Autre problématique de spécialité très pertinente pour la permanence de soins : la traumatologie, dont relèvent 50 % des malades qui viennent aux urgences. Sauf en mars 2020, lors du premier confinement, où l'on ne voyait plus arriver, à Paris, que cinq à six personnes par jour, qui se blessaient chez elles...
Jadis, la traumatologie était traitée par l'orthopédie publique, qui est désormais sinistrée : tous les chirurgiens orthopédistes sont partis vers le privé, pour l'attractivité de la rémunération et les moyens mis à disposition. C'est pourquoi les patients de traumatologie qui arrivent aux urgences sont transférés vers les cliniques privées, avec l'attente que cela engendre.
La direction générale de l'offre de soins (DGOS) avait conçu un indicateur intéressant, celui du besoin journalier en lits. Il donnait une vision mathématique : tel service d'urgence aurait besoin de vingt ou vingt-cinq lits pour fonctionner chaque jour. Mais l'indicateur n'a pas été mis en place parce qu'il aurait impliqué de rouvrir des lits, ce que l'on ne voulait pas.
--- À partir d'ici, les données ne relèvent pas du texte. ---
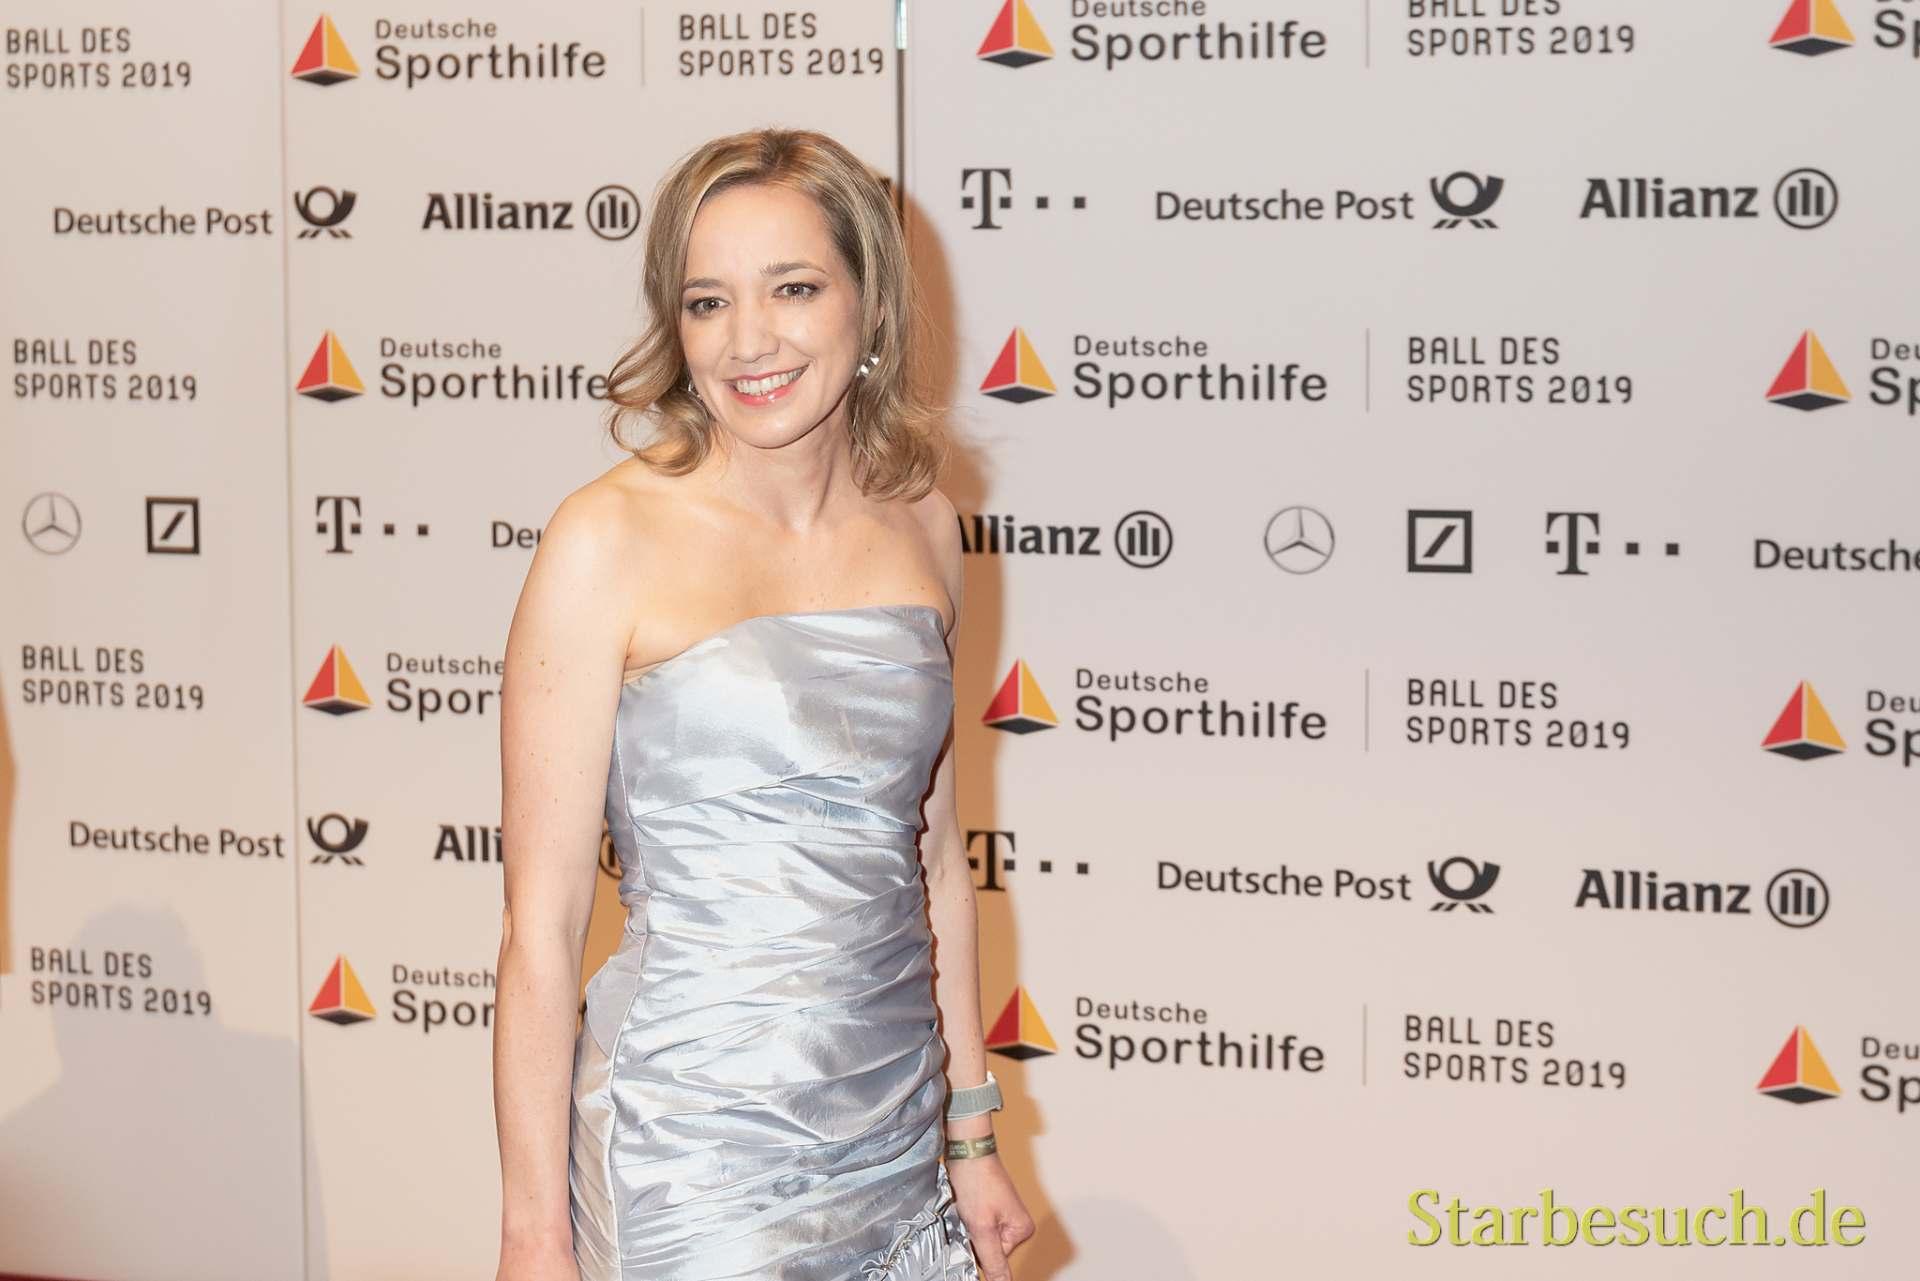 WIESBADEN, Germany - February 2nd, 2019: Kristina Schröder (*1977, German politician (CDU)) at Ball des Sports 2019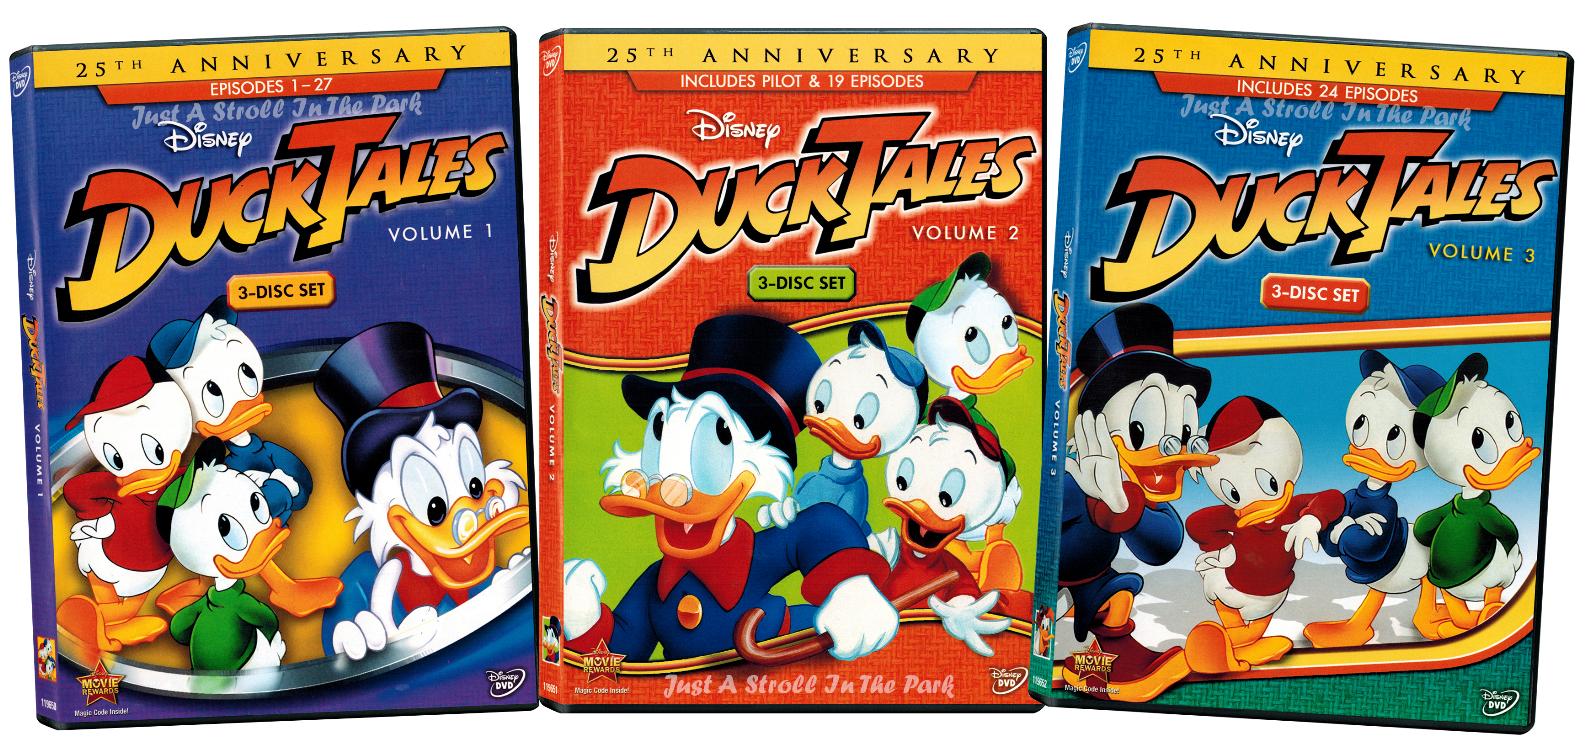 DuckTales: Classic Disney TV Series Complete Volumes 1 2 3 Box / DVD Set(s) NEW!

Un mot sur la démographie médicale. L'obligation de faire des gardes, cette contrainte au temps, n'est plus d'époque. Lorsque la spécialité de médecine d'urgence a été mise en place, le principal syndicat représentant les internes en a tiré un argument pour refuser les gardes aux urgences. Il est extrêmement difficile de motiver les jeunes générations pour les gardes. Ainsi, on perd des heures à trouver un lit d'hospitalisation, faute de place aux urgences.
Dernier point, le SAS comme permanence de soins des Ehpad - un sujet qui a fait l'actualité ces derniers jours. La prescription par les médecins coordinateurs a été votée, mais c'est encore balbutiant. Il n'a pas accès aux dossiers médicaux. Enfin, au moment d'envoyer un Smur pour un départ, l'aide-soignante ou l'infirmière demande au médecin de faire le point sur un grand nombre de malades.
Il y a eu des expériences positives, notamment à Amiens ; mais cela reste extrêmement compliqué. On sait bien que les urgences ne sont pas une destination adéquate pour les personnes âgées Gir 1 ou Gir 2, c'est-à-dire démentes ou grabataires.
Il faut une refonte du système, mais elle ne se fera qu'avec des femmes et des hommes qui veulent s'investir dans la permanence des soins. Ils ne le feront que si c'est attractif. Or la permanence de soins est défiscalisée, pour les médecins libéraux, sur une partie de leur rémunération, ce qui n'est pas le cas pour les médecins du public. Quant à la progression de l'indemnisation, un praticien hospitalier touche deux cents euros de moins qu'un universitaire pour une garde nuit.
Au moment du Ségur, le Gouvernement voulait une égalité de rémunération pour le même travail. Cela a été refusé par les syndicats de praticiens hospitaliers, à l'exception du syndicat national des praticiens hospitaliers, anesthésistes réanimateurs (SNPHAR-E), parce qu'ils voulaient gagner un échelon.
En matière de permanence de soins, tout est lié : même si votre volonté est sincère, le SAS rénové ne se fera pas sans les femmes et les hommes. Or la contrainte au temps, le travail le week-end ou la nuit, ne sont plus acceptés par les jeunes générations - y compris pour les visites à domicile qu'évoquait Serge Smadja. Or la question est liée à celle du maintien à domicile. Il n'y a pas de solution facile.